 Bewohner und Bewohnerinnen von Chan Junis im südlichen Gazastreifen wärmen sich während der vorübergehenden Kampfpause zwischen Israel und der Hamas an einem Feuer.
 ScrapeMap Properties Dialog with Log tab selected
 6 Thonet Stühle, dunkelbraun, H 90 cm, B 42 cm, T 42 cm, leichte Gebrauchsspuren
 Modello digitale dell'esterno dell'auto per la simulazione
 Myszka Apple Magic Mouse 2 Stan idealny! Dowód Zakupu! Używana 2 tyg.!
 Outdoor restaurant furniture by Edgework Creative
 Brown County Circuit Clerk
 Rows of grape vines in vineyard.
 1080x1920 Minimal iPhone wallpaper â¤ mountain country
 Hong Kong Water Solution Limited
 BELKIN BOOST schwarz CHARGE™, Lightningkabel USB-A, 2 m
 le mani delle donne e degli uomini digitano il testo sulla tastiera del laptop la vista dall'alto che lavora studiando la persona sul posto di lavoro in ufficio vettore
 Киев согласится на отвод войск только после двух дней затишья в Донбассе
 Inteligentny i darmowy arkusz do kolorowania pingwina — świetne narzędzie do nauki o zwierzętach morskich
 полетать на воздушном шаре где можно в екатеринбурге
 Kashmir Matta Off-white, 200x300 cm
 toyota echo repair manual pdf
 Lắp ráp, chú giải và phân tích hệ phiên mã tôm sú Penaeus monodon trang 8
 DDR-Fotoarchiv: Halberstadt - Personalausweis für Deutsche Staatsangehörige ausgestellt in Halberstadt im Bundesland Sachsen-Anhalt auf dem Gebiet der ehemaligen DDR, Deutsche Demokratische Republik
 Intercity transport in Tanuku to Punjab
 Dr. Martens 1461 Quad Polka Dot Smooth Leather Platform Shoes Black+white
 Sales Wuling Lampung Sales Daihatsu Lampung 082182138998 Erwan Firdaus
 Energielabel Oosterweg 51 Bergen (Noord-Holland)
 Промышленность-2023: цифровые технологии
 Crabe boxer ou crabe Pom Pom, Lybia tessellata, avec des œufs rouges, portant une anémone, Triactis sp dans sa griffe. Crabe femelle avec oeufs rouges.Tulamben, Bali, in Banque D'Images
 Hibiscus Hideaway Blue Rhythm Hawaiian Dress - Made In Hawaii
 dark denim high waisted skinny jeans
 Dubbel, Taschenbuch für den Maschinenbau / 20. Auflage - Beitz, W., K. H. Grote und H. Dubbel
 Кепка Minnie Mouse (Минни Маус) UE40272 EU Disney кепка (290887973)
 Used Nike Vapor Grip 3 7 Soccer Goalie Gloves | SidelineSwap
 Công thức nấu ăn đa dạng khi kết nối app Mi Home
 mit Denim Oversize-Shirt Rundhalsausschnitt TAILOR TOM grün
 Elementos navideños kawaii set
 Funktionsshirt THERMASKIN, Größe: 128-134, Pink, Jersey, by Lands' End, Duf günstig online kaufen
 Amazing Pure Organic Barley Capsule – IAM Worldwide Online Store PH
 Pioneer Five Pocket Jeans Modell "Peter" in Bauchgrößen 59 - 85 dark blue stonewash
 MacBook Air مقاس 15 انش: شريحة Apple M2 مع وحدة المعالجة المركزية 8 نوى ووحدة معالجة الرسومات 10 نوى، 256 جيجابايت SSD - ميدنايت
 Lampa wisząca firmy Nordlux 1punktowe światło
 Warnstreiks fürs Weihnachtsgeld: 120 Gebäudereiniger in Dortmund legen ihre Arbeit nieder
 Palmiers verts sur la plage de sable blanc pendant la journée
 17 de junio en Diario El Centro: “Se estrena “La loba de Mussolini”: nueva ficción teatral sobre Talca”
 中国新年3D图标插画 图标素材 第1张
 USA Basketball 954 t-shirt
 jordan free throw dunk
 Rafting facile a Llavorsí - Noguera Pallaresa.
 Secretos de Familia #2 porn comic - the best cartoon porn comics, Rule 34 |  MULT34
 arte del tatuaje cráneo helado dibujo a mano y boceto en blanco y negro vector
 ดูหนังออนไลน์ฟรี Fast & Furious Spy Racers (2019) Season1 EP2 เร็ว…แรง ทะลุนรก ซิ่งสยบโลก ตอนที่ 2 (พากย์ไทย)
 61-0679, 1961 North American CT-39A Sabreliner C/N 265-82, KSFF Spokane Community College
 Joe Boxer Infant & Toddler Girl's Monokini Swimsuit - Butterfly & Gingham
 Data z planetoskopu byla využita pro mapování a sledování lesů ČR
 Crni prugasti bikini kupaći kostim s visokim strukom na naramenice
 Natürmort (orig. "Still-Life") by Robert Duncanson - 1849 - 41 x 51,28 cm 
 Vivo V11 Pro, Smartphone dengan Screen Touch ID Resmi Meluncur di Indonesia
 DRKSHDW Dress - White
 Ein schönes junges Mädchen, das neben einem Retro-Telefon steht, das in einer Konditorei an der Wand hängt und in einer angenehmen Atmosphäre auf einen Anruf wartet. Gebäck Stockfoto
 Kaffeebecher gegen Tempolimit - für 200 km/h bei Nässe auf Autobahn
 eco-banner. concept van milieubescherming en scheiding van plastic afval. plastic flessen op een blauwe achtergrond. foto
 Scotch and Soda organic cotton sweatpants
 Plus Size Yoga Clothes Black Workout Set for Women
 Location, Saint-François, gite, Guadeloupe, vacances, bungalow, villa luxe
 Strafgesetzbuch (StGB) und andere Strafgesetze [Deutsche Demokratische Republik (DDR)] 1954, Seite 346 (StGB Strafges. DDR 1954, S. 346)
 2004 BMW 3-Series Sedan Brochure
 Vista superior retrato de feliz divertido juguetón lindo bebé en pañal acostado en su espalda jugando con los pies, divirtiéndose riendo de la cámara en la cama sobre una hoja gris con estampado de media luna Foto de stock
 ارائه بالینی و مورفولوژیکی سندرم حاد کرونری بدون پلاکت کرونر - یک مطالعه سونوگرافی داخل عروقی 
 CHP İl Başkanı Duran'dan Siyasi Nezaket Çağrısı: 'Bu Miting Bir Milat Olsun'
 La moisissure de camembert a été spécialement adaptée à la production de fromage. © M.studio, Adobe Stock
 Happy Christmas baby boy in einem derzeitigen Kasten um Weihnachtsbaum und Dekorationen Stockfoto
* * * * * * * * *
▶ **Your instructions**:
Your reply is to repeat, unchanged, the lines above running from the one with "toyota echo repair manual pdf" up to and including the one with "MacBook Air مقاس".

▶ **Reply to the task**:
 toyota echo repair manual pdf
 Lắp ráp, chú giải và phân tích hệ phiên mã tôm sú Penaeus monodon trang 8
 DDR-Fotoarchiv: Halberstadt - Personalausweis für Deutsche Staatsangehörige ausgestellt in Halberstadt im Bundesland Sachsen-Anhalt auf dem Gebiet der ehemaligen DDR, Deutsche Demokratische Republik
 Intercity transport in Tanuku to Punjab
 Dr. Martens 1461 Quad Polka Dot Smooth Leather Platform Shoes Black+white
 Sales Wuling Lampung Sales Daihatsu Lampung 082182138998 Erwan Firdaus
 Energielabel Oosterweg 51 Bergen (Noord-Holland)
 Промышленность-2023: цифровые технологии
 Crabe boxer ou crabe Pom Pom, Lybia tessellata, avec des œufs rouges, portant une anémone, Triactis sp dans sa griffe. Crabe femelle avec oeufs rouges.Tulamben, Bali, in Banque D'Images
 Hibiscus Hideaway Blue Rhythm Hawaiian Dress - Made In Hawaii
 dark denim high waisted skinny jeans
 Dubbel, Taschenbuch für den Maschinenbau / 20. Auflage - Beitz, W., K. H. Grote und H. Dubbel
 Кепка Minnie Mouse (Минни Маус) UE40272 EU Disney кепка (290887973)
 Used Nike Vapor Grip 3 7 Soccer Goalie Gloves | SidelineSwap
 Công thức nấu ăn đa dạng khi kết nối app Mi Home
 mit Denim Oversize-Shirt Rundhalsausschnitt TAILOR TOM grün
 Elementos navideños kawaii set
 Funktionsshirt THERMASKIN, Größe: 128-134, Pink, Jersey, by Lands' End, Duf günstig online kaufen
 Amazing Pure Organic Barley Capsule – IAM Worldwide Online Store PH
 Pioneer Five Pocket Jeans Modell "Peter" in Bauchgrößen 59 - 85 dark blue stonewash
 MacBook Air مقاس 15 انش: شريحة Apple M2 مع وحدة المعالجة المركزية 8 نوى ووحدة معالجة الرسومات 10 نوى، 256 جيجابايت SSD - ميدنايت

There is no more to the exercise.